Table 2. Simulation parameters.

Parameter Value
Number of BSs 19
Number of APs 9, 12, 15, 17
Number of MSs 45, 60, 70, 90
BS transmitting power [dBm] 46
AP transmitting power [dBm] 46
MS speed [m/s] 0.5–3
MS gain [dBm] 10
BS Frequency band [GHz] 2.5
AP Frequency band [GHz] 2.4
Simulation duration [s] 10800
Scanning reporting period [s] 1
path loss model Urban Macrocell [51]
mobility model PRWMM
Hysteresis margin HM [dB] 1–5

This process is illustrated Fig 8. In this figure, two curves of the RSSI for serving station (blue color) and the predicted station (red color) are displayed. The handover occurred once the RSSI level of the predicted station is greater than the RSSI level of the serving one.

Fig 8. Normal handover.

Fig 8

Although initiating the prediction process in both schemes are similar, there are few differences in performing the selection of the predicted station(s) and to which station the handover process will be occurred. These differences are summarized in the following subsections.

RSSI-based prediction

To avoid handover failure, the HM technique is combined in the handover decision where different values of HM are added according to Eq (11). The different values of HM enabled us to find the optimum situation for both predictions and handover occurrence. The positive effect of inclusion of the HM to the decision process is illustrated in Fig 9. The simulation steps of the proposed RSSI-based prediction scheme are summarized and displayed Fig 10.

SiPred>SiSer+HM (11)

Where SiPred and SiSer are the signal strength of the predicted target station and the serving station correspondingly.

Fig 9. Predicted station and HO occurrence with HM.

Fig 9

Fig 10. Proposed RSSI-based PHO simulation steps.

Fig 10

The multi-criteria prediction scheme

The nearby stations are divided into three categories: Powerful, Medium and Weak according to the radio frequency and the Quadrature Amplitude Modulation technique (QAM) [52] which widely used to modulate data signals on a carrier of radio communication devices where the QAM is different according to mobile kind.

As soon as the RSSI level of the serving station comes below the predefined threshold, the prediction process is started. The nearby stations are arranged according to the power level, however, the station with no available bandwidth will be named as a blocked station and consequently removed from the prediction process to prevent the MS from connecting to a station with no internet connection.

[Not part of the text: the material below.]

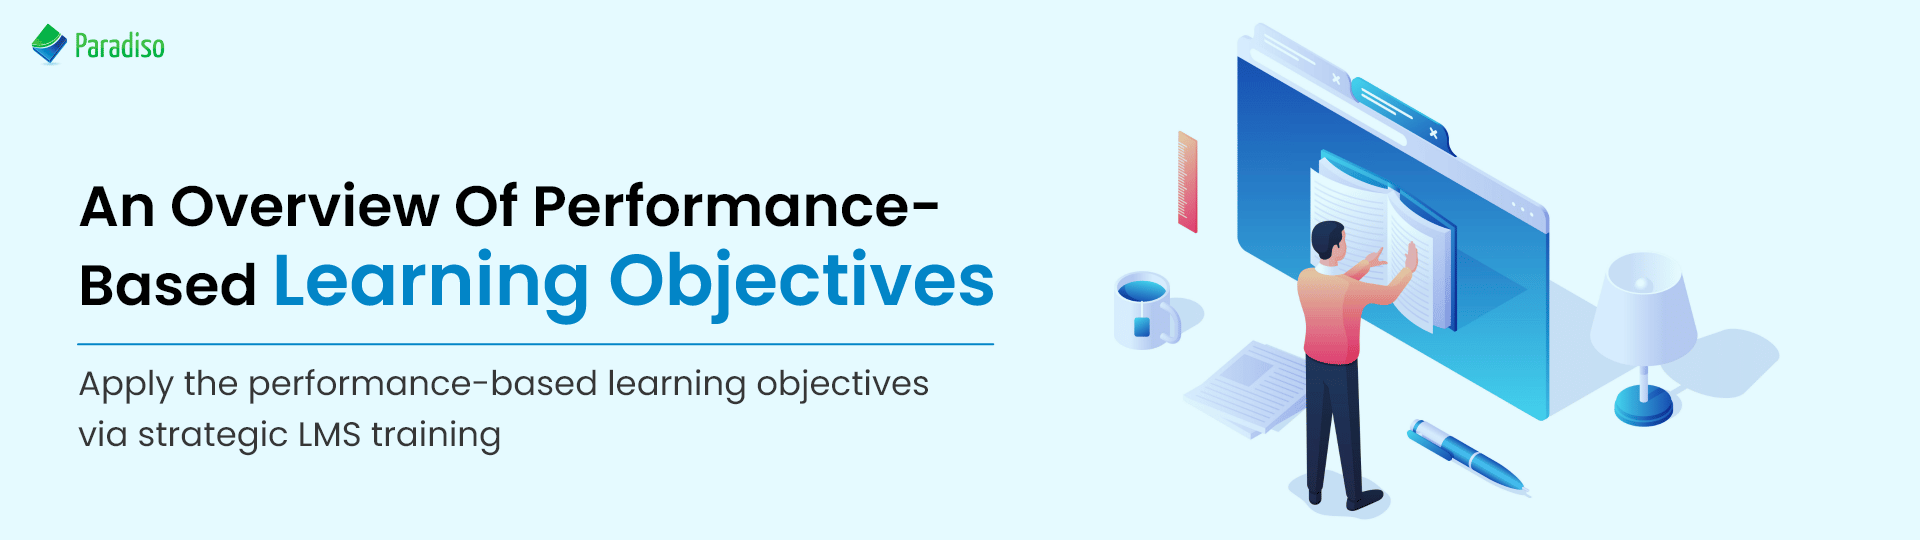 An Overview Of Performance-Based Learning Objectives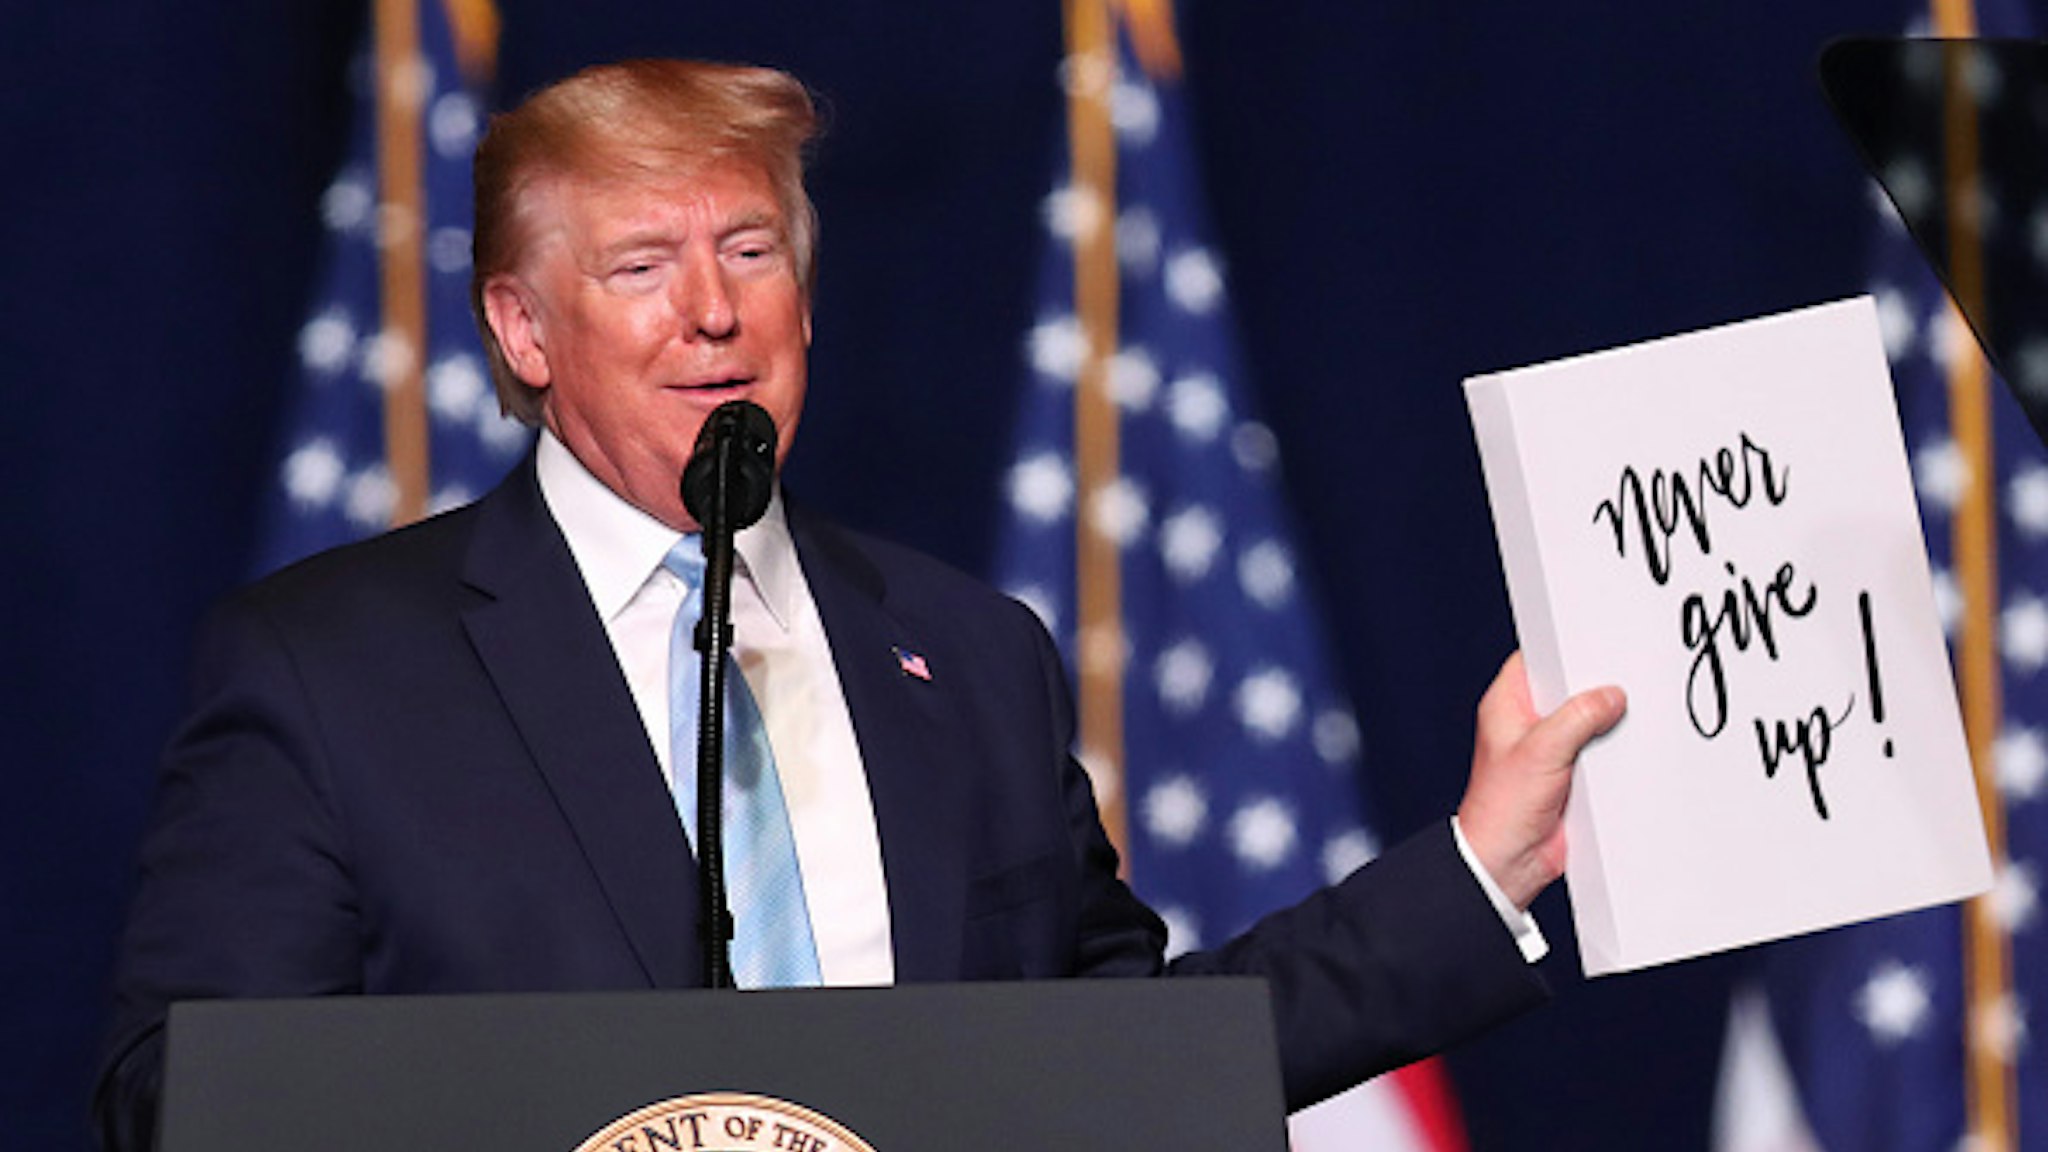 MIAMI, FLORIDA - JANUARY 03: President Donald Trump holds up a sign reading, 'never give up!,' given to him during a 'Evangelicals for Trump' campaign event held at the King Jesus International Ministry on January 03, 2020 in Miami, Florida. The rally was announced after a December editorial published in Christianity Today called for the President Trump's removal from office.

The value of SNR is calculated according to the radio signals of all nearby stations where the prediction and the handover decision process are performed. The simulations steps of the proposed multi-criteria prediction handover scheme are illustrated in Fig 11.

Fig 11. Multi-criteria PHO simulation steps.

Fig 11

Simulation results

The proposed prediction schemes are being simulated using parameters shown in Table 2. The results are monitored and the output is evaluated. Both schemes are simulated and evaluated according to the same parameter and evaluating conditions.

RSSI-based prediction

The relation between the MS’ speed and accuracy percentage of the prediction scheme is illustrated in Fig 12 with HM = 1, 2, 3, 4 and 5 and MS’ speed = 0.5, 1, 1.5, 2, 2.5 and 3. The success percentage is 99% in a MS’ speed = 0.5 and with a HM = 1 which is a realistic result because the possibility of delivery from one station to another is reduced as the MS moves in low speed. In most cases, the predicted station is the station with the highest success ratio. Moreover, increasing MS’ speed will reduce the accuracy of the prediction scheme due to a large number of handovers that occur and the short time between each handover. Even though, the proposed scheme accomplishes a success ratio of more than 95% with high MS speed = 3 m/s and large HM value.

Fig 12. MS’ speed and success percentage.

Fig 12

The relationship between the number of handovers occurred and different MS’ speeds is illustrated in Fig 13. It is observed that the relationship between the number of handovers and the speed of MS is proportional. The optimum case with the smallest number of handovers occurred at MS’ speed = 0.5 and HM = 1. Increasing the MS’ speed with HM = 1 increasing the number of handovers. We could reduce the number of handovers by increasing the value of HM.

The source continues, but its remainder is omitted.